Диагноз – покорное благодарное удивление. Время первых симптомов – триста лет тому назад. Течение болезни – хроническое, без фазы обострения.
«Больная, когда это случилось с вами впервые?» – «Я упала с велосипеда». – «Ай-ай-ай, вы упали с велосипеда и ударились головой?» – «Нет, коленкой. Только коленкой. Он подошел, поднял меня и сказал: «Ничего страшного. Давай я подую, и все пройдет». – «А вы, что, больная, сказали вы?» – «Я обрадовалась и спросила: «Да?» – «И все действительно прошло?» – «Нет, ну что вы, ничего не прошло. Все только начиналось…» «Наташа, не плачь, давай я решу твою задачу!» – «Да?»
«Наташа, я не знаю, как сказать об этом предкам. Давай сделаем аборт». – «Да?»
«Нет, Наташа. Ты будешь рожать. Никаких абортов. Слышишь?» – «Да?»
– Да! – закричал Никита Сергеевич. – Ты плохо слышишь?
– Нет. То есть да… Я сейчас что-то плохо слышу. В ушах звенит, – пожаловалась Наташа и, покраснев, тихо спросила: – А где я буду жить?
– Здесь. Я куплю себе квартиру. Еще вопросы? – усмехнулся Никита Сергеевич.
Хотелось вопросов. Хотелось кому-то сказать. И не кому-то, а именно ей – Наташе. Сказать, что он, оказывается, устал быть никем для папы и мамы, хотя в сорок лет об этом можно было бы не беспокоиться. Но он устал быть никем для них, для их бесконечного, взаимного, но все равно выставочного, немножко ненастоящего, большого чувства. Никем для их надежд жить счастливо и умереть в один день. Он еще с детства устал бояться этой формулы абсолютного и внезапного сиротства.
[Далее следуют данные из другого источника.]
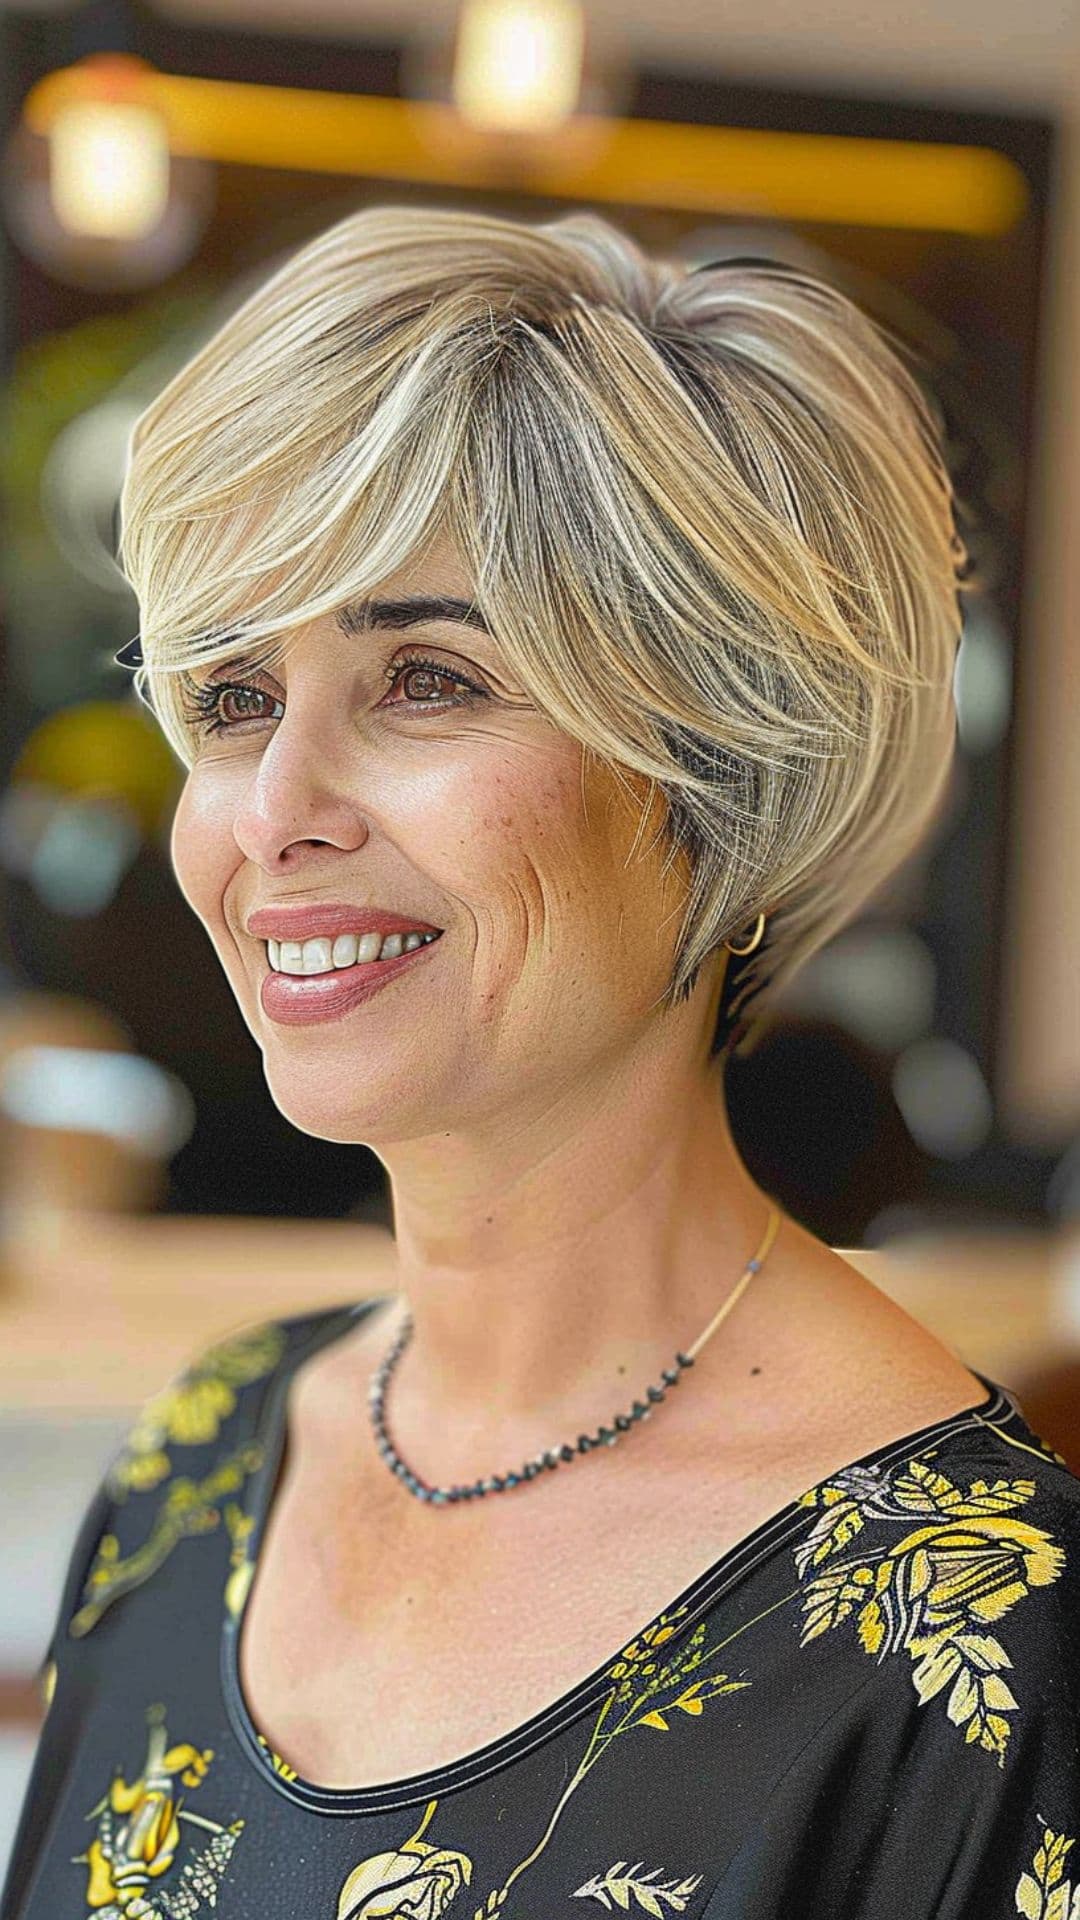 An old woman modelling a side-swept pixie bob.
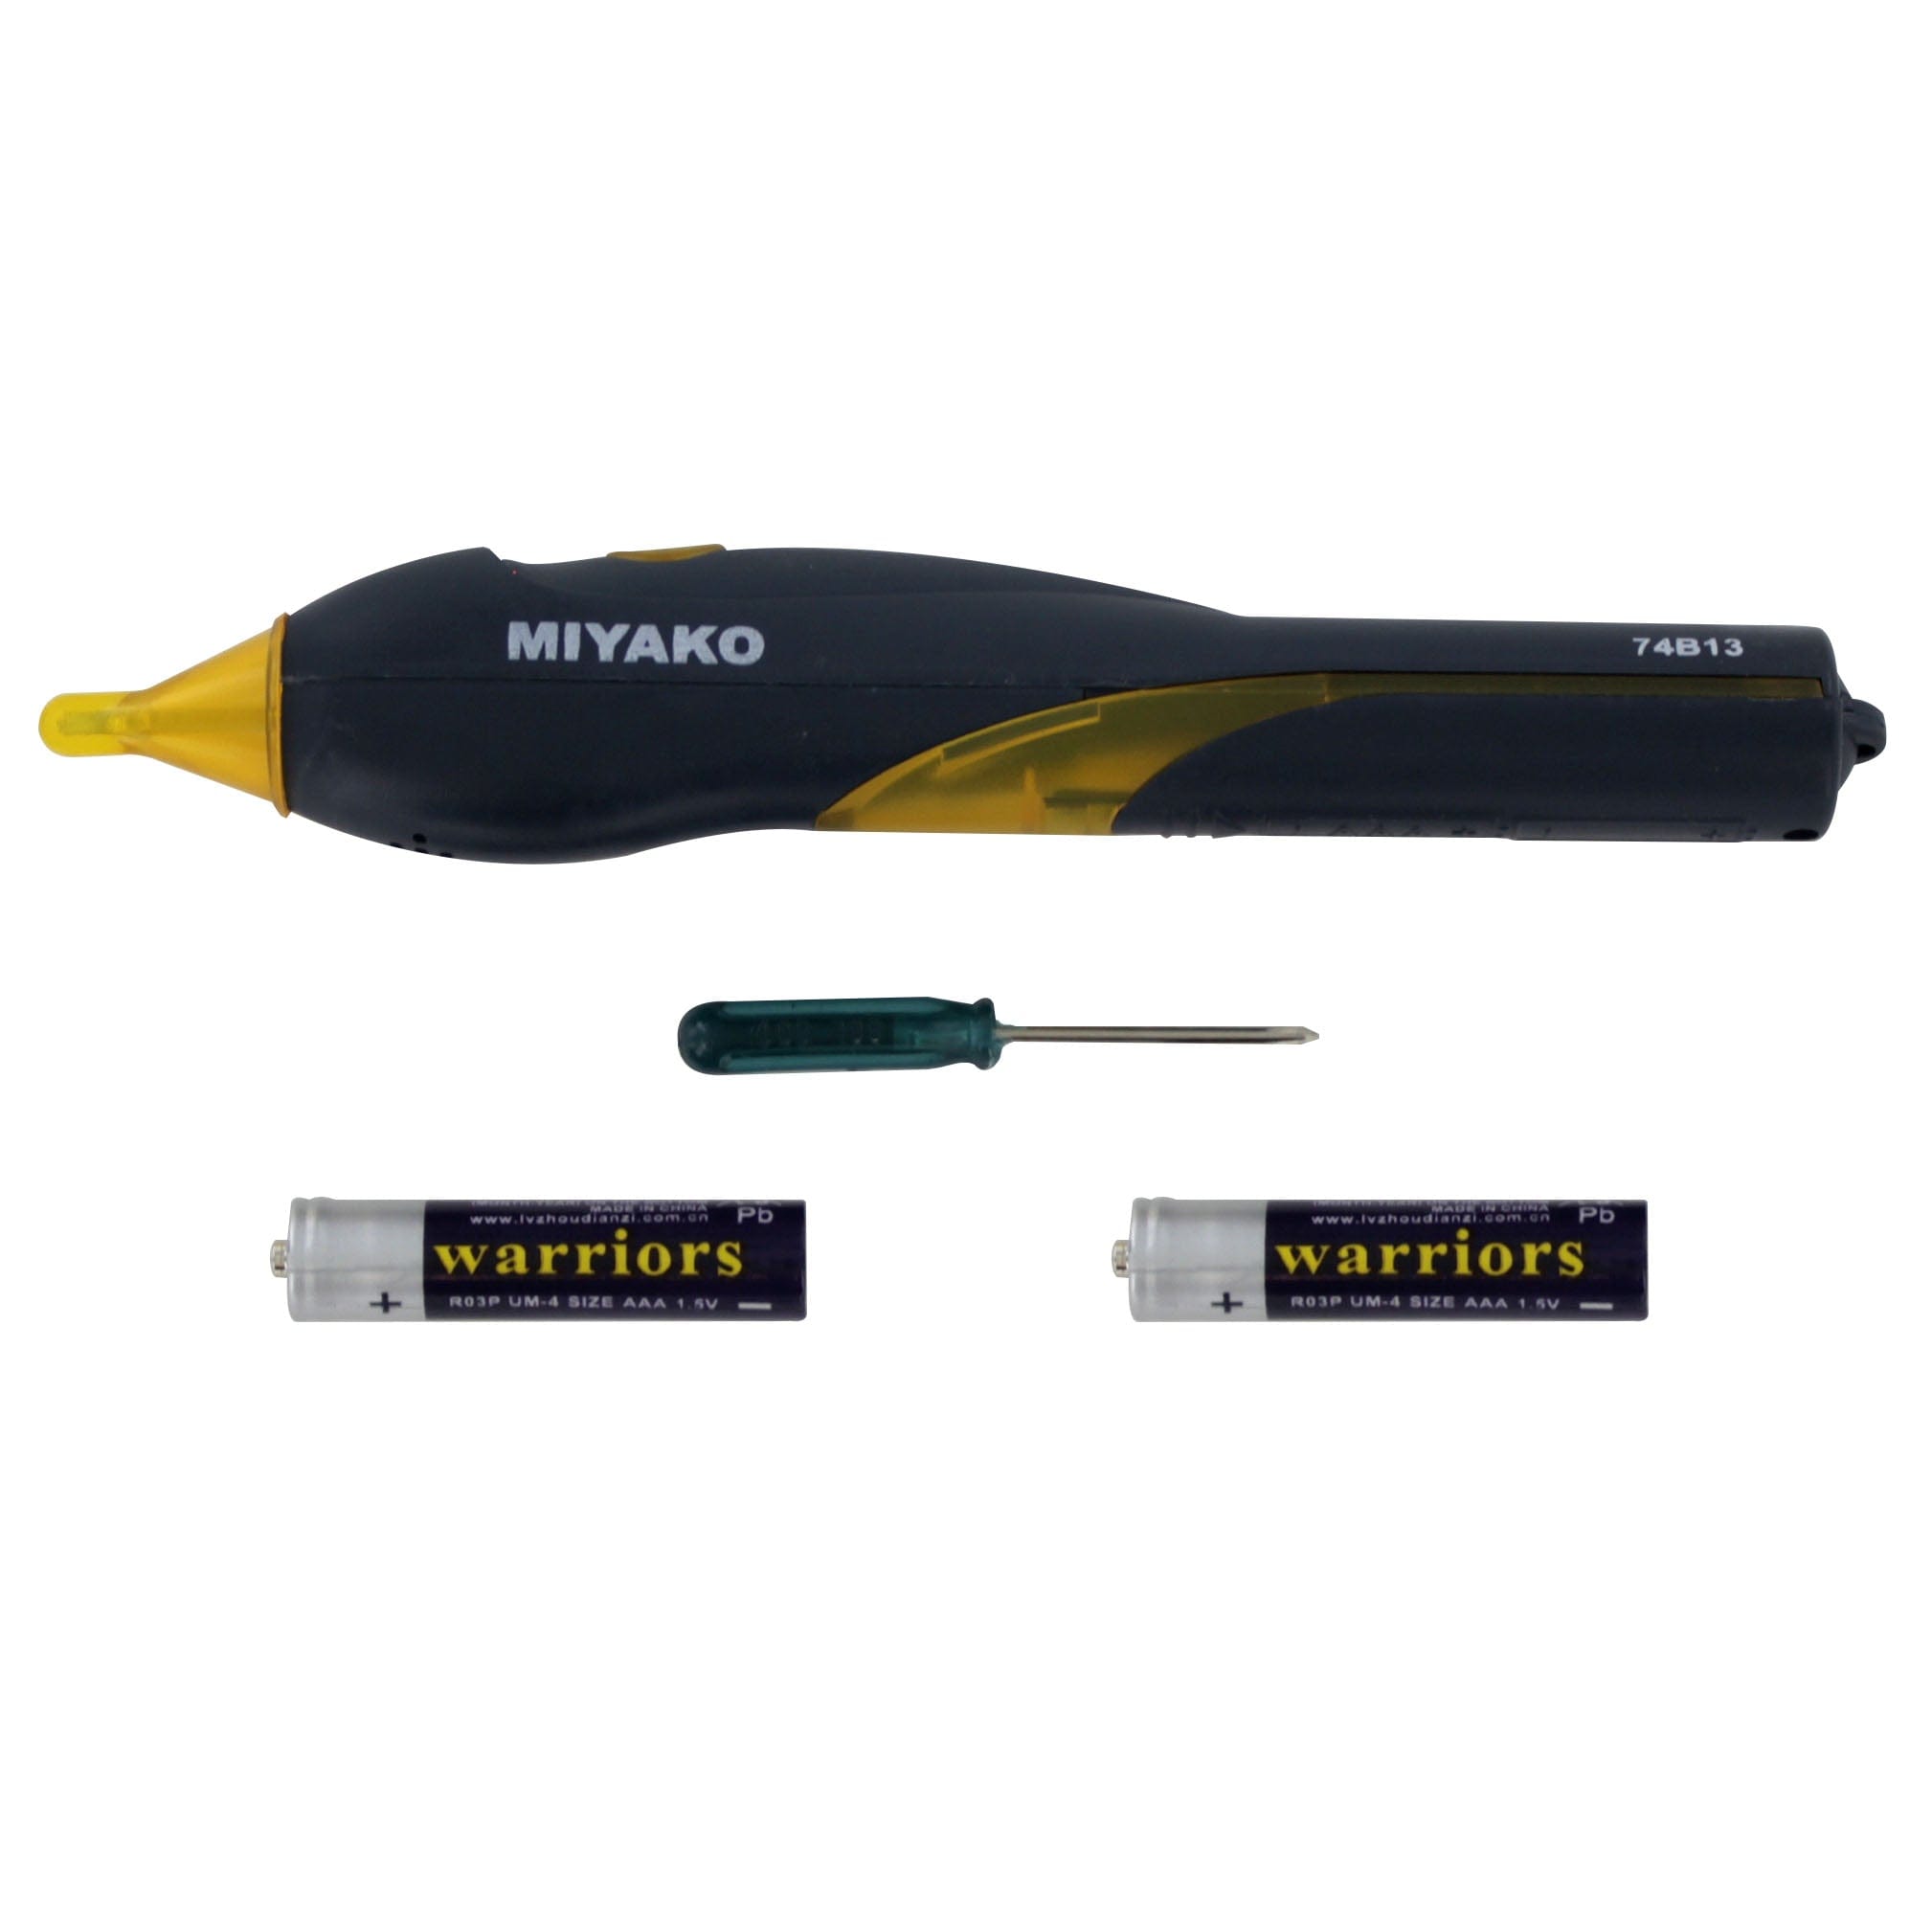 MIYAKO Non-Contact Dual Voltage Detector Pen Style AC Tester  This non-contact voltage detector uses non-contact detection technology to detect voltage in cables, cords, circuit brakers, lighting fixtures, switches, outlets and wires-74B 13

Но от Наташиных надежд устал тоже. Там – никем, здесь – всем. Нигде – самим собой. Истерика мужчины среднего возраста.
«Ну давай, спроси! Спроси!» – Никита Сергеевич посылал жене мысленный сигнал.
Он хотел наконец рухнуть с пьедестала и обнаружить себя разбитым, но настоящим.
«Спроси, и я скажу тебе, как нельзя жить. Как нельзя не видеть, что я давно не бреюсь на ночь, сплю под отдельным одеялом в отдельном кабинете (работаю допоздна, ага?). Как хожу в отвратительных (наверное, еще советских) трениках с вытянутыми коленками и засаленными карманами. И это не чудачество, Наташа, это чтобы ты не хотела, брезговала ко мне прикасаться. Треники – это маскхалат, за которым нет мужчины, самца и мачо. Я спрятался, я в домике!